Она повернулась и ушла; заскрипела лесенка под ее легкой поступью, и не так долго осталось ждать в щелях стен, огораживающих балкон, засветился пламя.
«Я обидел ее, – думал Ходжа Насреддин. – Как же это я сплоховал? Ну ничего: но я сейчас знаю ее темперамент. Если она дала пощечину мне, значит, она даст пощечину и всякому второму и будет надежной женой. Я согласен получить от нее до женитьбы еще десять раз по десять пощечин, только бы по окончании женитьбы она была так же щедра на эти пощечины для других!»
Он подошел на цыпочках к балкону, позвал негромким голосом:
– Гюльджан! Она не ответила.
– Гюльджан!
Душистая темнота молчала. Ходжа Насреддин опечалился. Сдерживая голос, дабы не разбудить старика, он запел: Ты ресницами похитила мое сердце.
Ты осуждаешь меня, а сама крадёшь ресницами. И ты еще требуешь платы за то, что похитила мое сердце! О диво! О чудо! Да где же это видано?
В то время, когда и кто платил ворам? Подари же мне безвозмездно два либо три поцелуя.
Нет, мне Этого мало! Имеется поцелуи, как неприятная вода – чем больше выпиваешь, тех больше жаждешь. Ты закрыла передо мной собственные двери.
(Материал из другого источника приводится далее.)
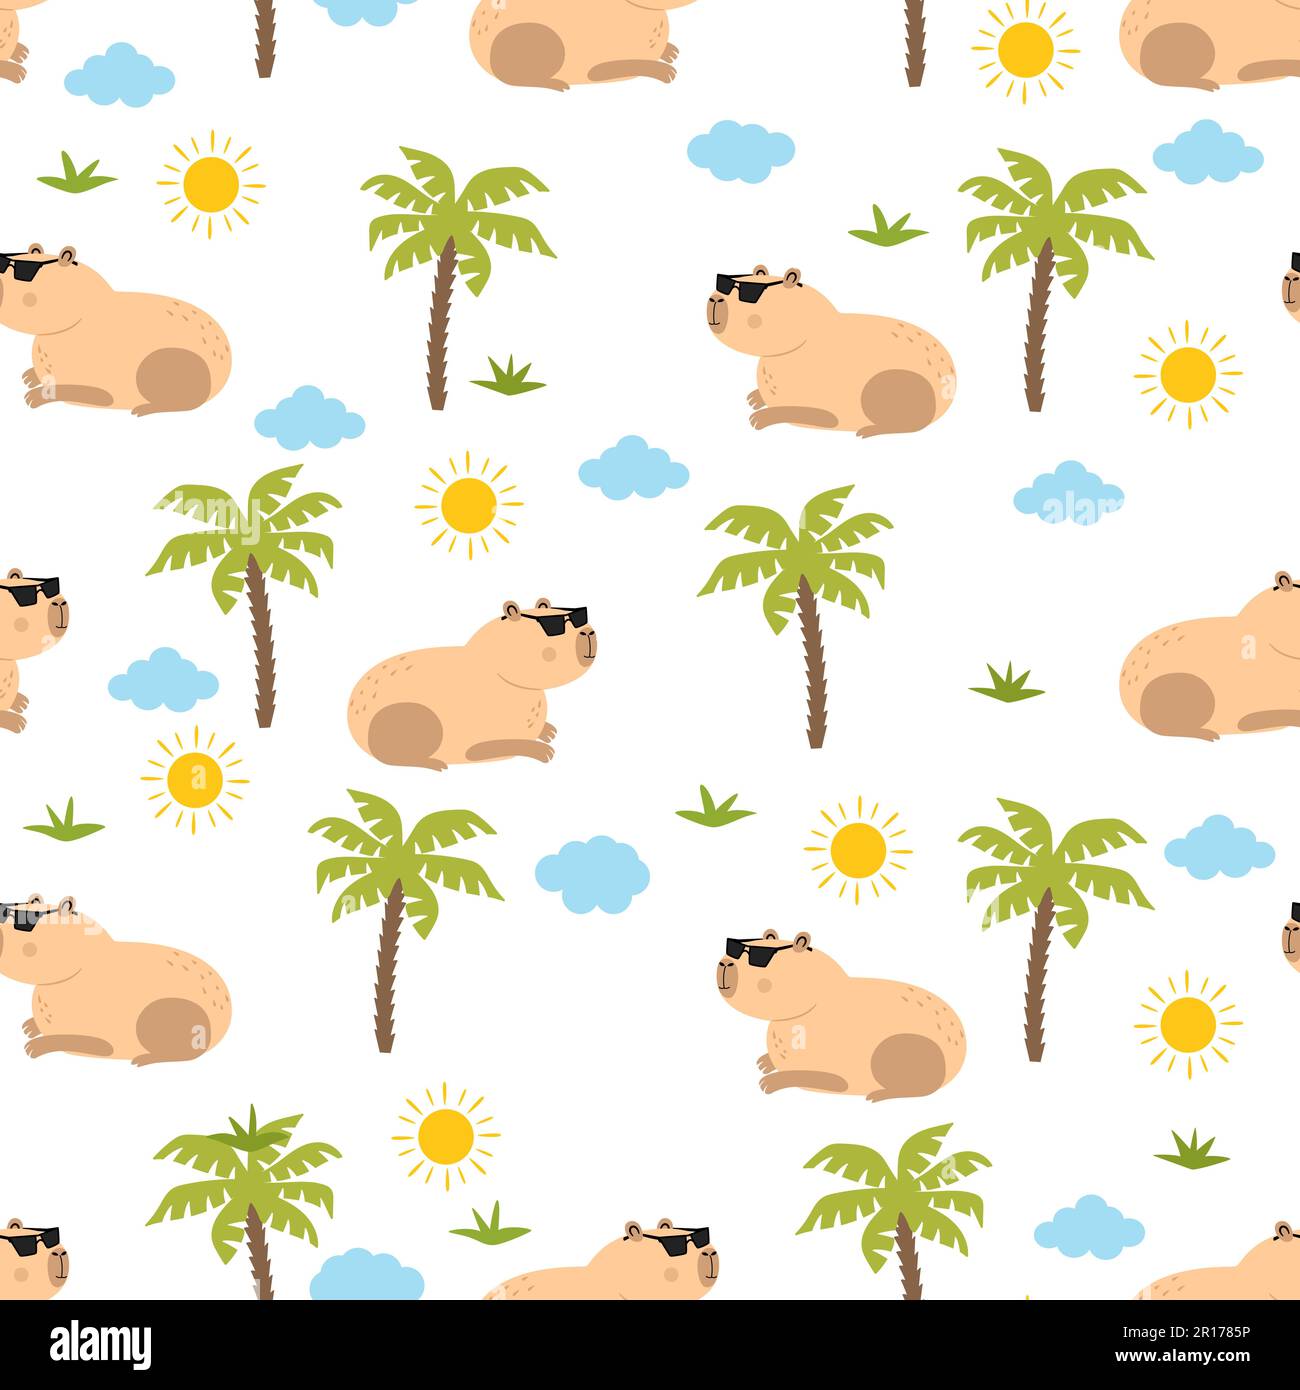 Capybara animal seamless with palm tree, sun and cloudy Stock Vector

О, пускай лучше кровь моя вытечет на землю! И где сейчас я отыщу собственный успокоение?
Возможно, ты научишь меня? Вот какова моя скорбь о твоих очах,
Что мечут стрелы! Вот какова моя скорбь о твоих кудрях,
Благоуханных, как мускус!
Он пел, и не смотря на то, что Гюльджан не показывалась и не отвечала, но он знал, что она пристально слушает, и знал кроме этого, что ни одна дама не имеет возможности устоять перед такими словами. И он не совершил ошибку: ставня легко приоткрылась.
– Иди! – тихо сказала сверху Гюльджан. – Лишь медлено, дабы папа не проснулся.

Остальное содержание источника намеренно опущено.